Infine, se una donna che potrebbe essere stata esposta al virus HCV negli ultimi mesi ha un test negativo per gli anticorpi anti-HCV, eseguire comunque PCR perchè la paziente potrebbe non essere ancora sieroconvertita. Per le donne con infezione attiva HCV, eseguire pertanto PCR per stabilirne la linea di base della carica virale. Test di laboratorio di base dovrebbero includere: bilirubina, ALT, aspartato aminotransferas (AST), albumina, piastrine, tempo di protrombina. Stabilirne il genotipo per il trattamento futuro.
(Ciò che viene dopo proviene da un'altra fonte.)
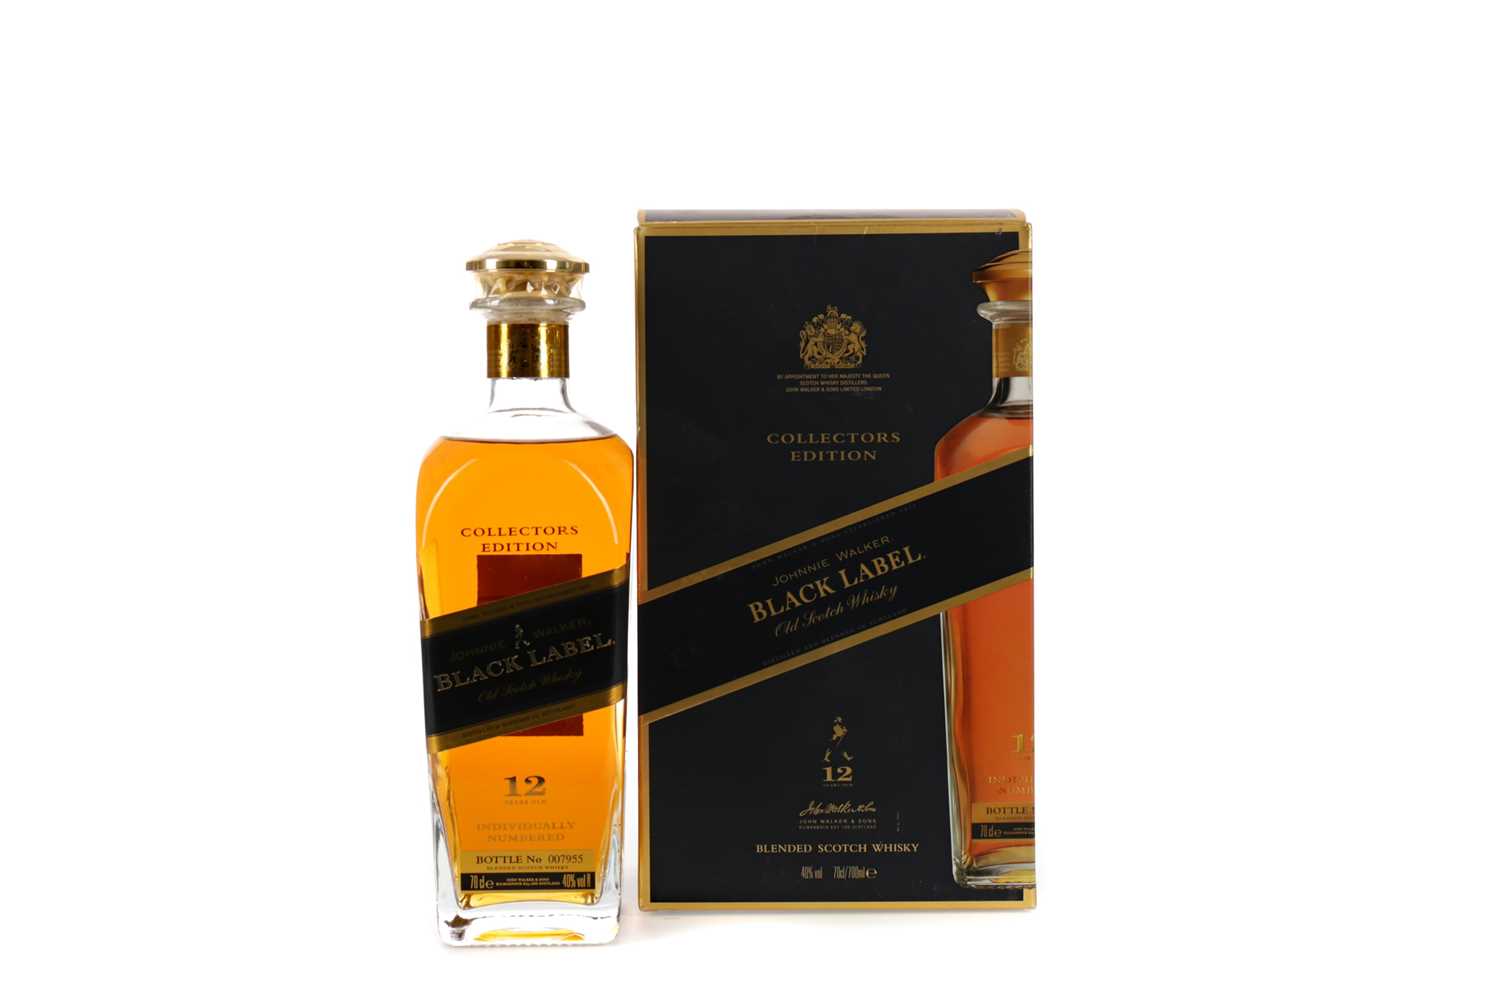 Lot 6 - JOHNNIE WALKER BLACK LABEL 12 YEARS OLD COLLECTORS EDITION

Recommended testing sequence for identifying current hepatitis C virus infection – da Hepatitis C in pregnancy: screening, treatment, and management. Nelle donne gravide con HCV positivo effettuare lo screening di altre malattie sessualmente trasmesse come HIV, sifilide, gonorrea, clamidia e epatite B (HBV).

Trattamento:

  • Suggerire ai pazienti con HCV, incluse le gravide, l’astensione dall’alcol;
  • Nessuna delle terapie antivirali (seconda generazione DAA) è raccomandata per infezione HCV nella gravida; 
  • La ribavirina è controindicata in gravidanza per i suoi effetti embriocidi e teratogeni in tutti le specie animali studiate; 
  • I direct-acting antiviral (DAA) devono essere utilizzati solo nell’ambito di una sperimentazione clinica o nel trattamento antivirale postpartum, poiché non sono attualmente approvati per l’uso in gravidanza.

Trasmissione perinatale: madre-figlio

È stata descritta la trasmissione perinatale del virus HCV la cui frequenza è estremamente variabile nei diversi studi: dallo 0,6% all’87% in lavori su piccoli gruppi di neonati ad alto rischio. E’ stato ipotizzato che l’infezione possa essere trasmessa dalla madre al bambino per diverse vie: in utero, al momento del parto attraverso l’allattamento. Sembra comunque che l’infezione si verifichi durante il parto.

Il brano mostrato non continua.